Reputation: 63
I am trying to access player data from a scrape of the OHL stats page. the code below gives me everything I need,
url = 'https://ontariohockeyleague.com/stats/players/68'
r = requests.get(url)
soup = BeautifulSoup(r.text, 'lxml')
statviewtype_url = "http://lscluster.hockeytech.com/feed/?feed=modulekit&view=statviewtype&type=topscorers&key=%s&fmt=json&client_code=ohl&lang=en&league_code=&season_id=68&first=0&limit=100&sort=active&stat=all&order_direction="
key = soup.find('div', id='stats')['data-feed_key']
r = requests.get(statviewtype_url % key)
statviewtype_data = json.loads(r.text)
d = json.loads(r.text)
df = pd.DataFrame(d)
print(df)
output:
Copyright {'required_copyright': 'Official statistics pr...
Parameters {'feed': 'modulekit', 'view': 'statviewtype', ...
Statviewtype [{'player_id': '7889', 'shortname': 'M. Rossi'...
What I want is the Statviewtype dictionary (? I assume thats what it is).
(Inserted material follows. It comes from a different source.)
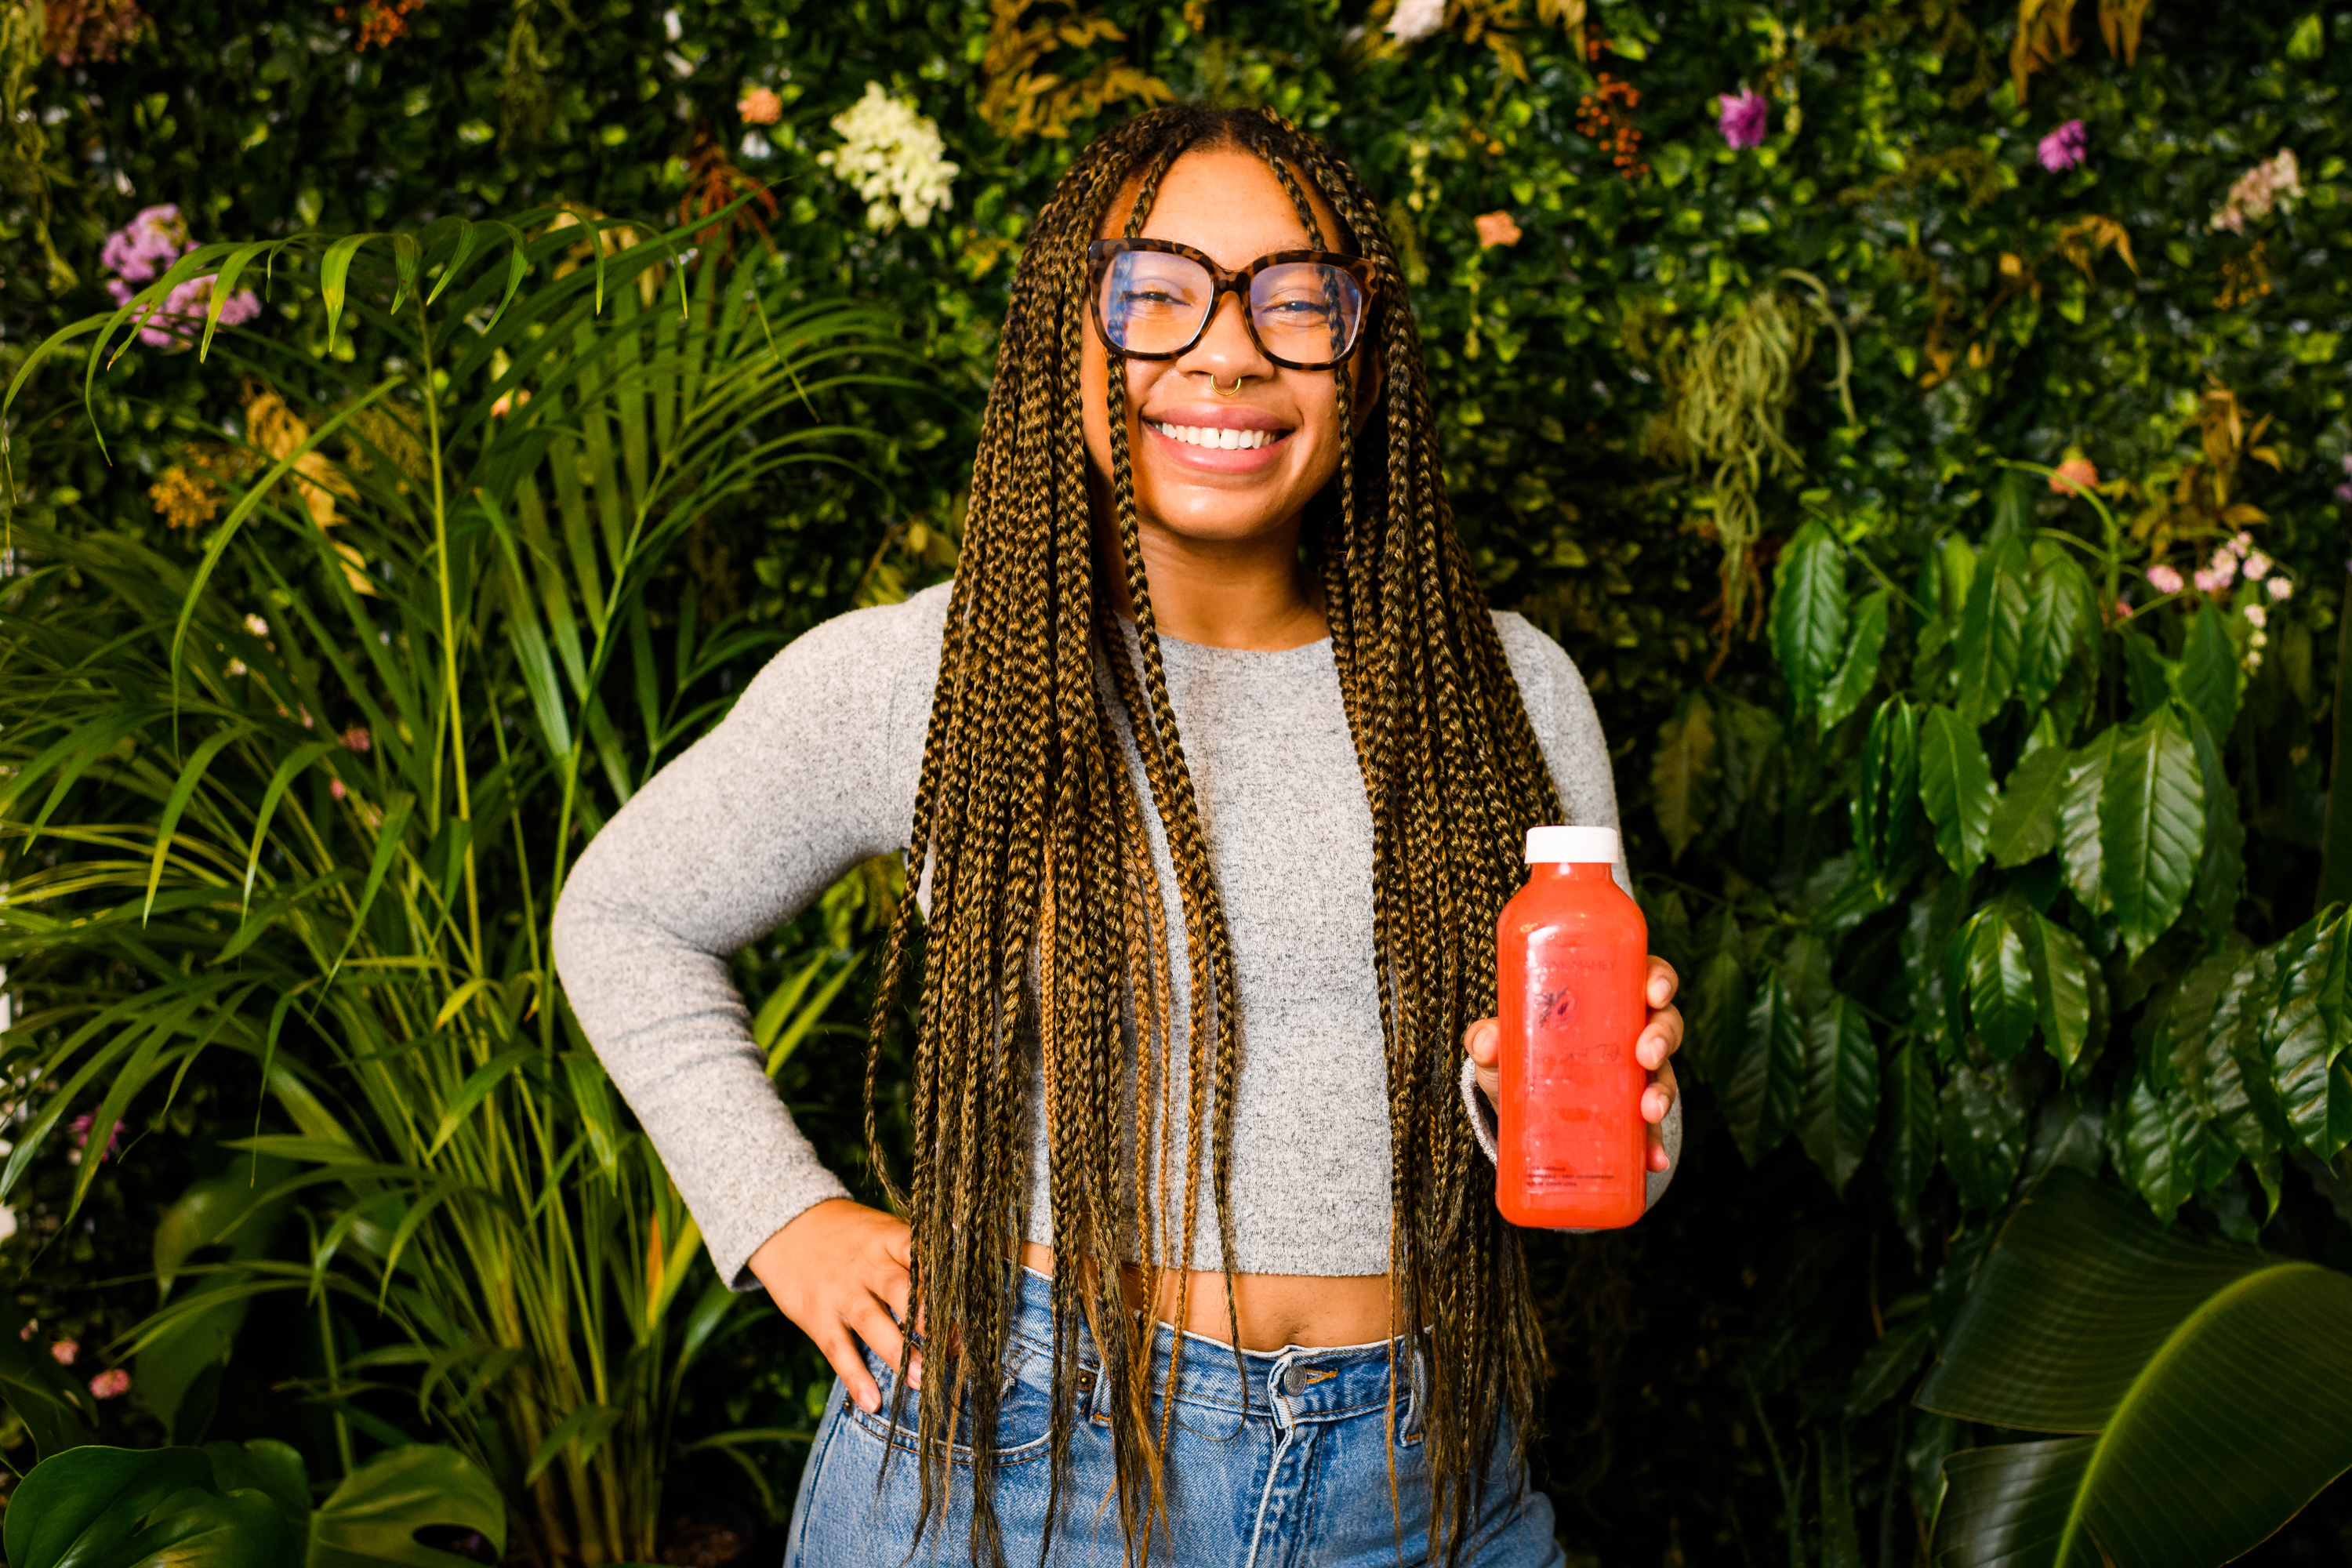 A woman with long dreads, glasses, and high-waisted jeans stands in front of a plant wall with a bottle of juice in her hand

But when i try to access it with something like print(df['Statviewtype'])
i get errors. Am i mixing up datatypes? Am I over-simplifying this?
Upvotes: 0
Views: 30
Reputation: 1305
Your dataframe has 3 indexes ['Copyright', 'Parameters', 'Statviewtype']
and one column ['SiteKit']
. In order to read Statviewtype you need:
df.loc['Statviewtype', 'SiteKit'][0]
Which specifies index Statviewtype and column SiteKit. Also note the [0]
at the end. That is because the dictionary is inside a list in which the dictionary is the only element. But once that's done, you're good to go:
In []: df.loc['Statviewtype', 'SiteKit'][0].keys()
Out[]: dict_keys(['player_id', 'shortname', 'first_name', ... , 'namelink', 'teamlink', 'photo'])
Upvotes: 1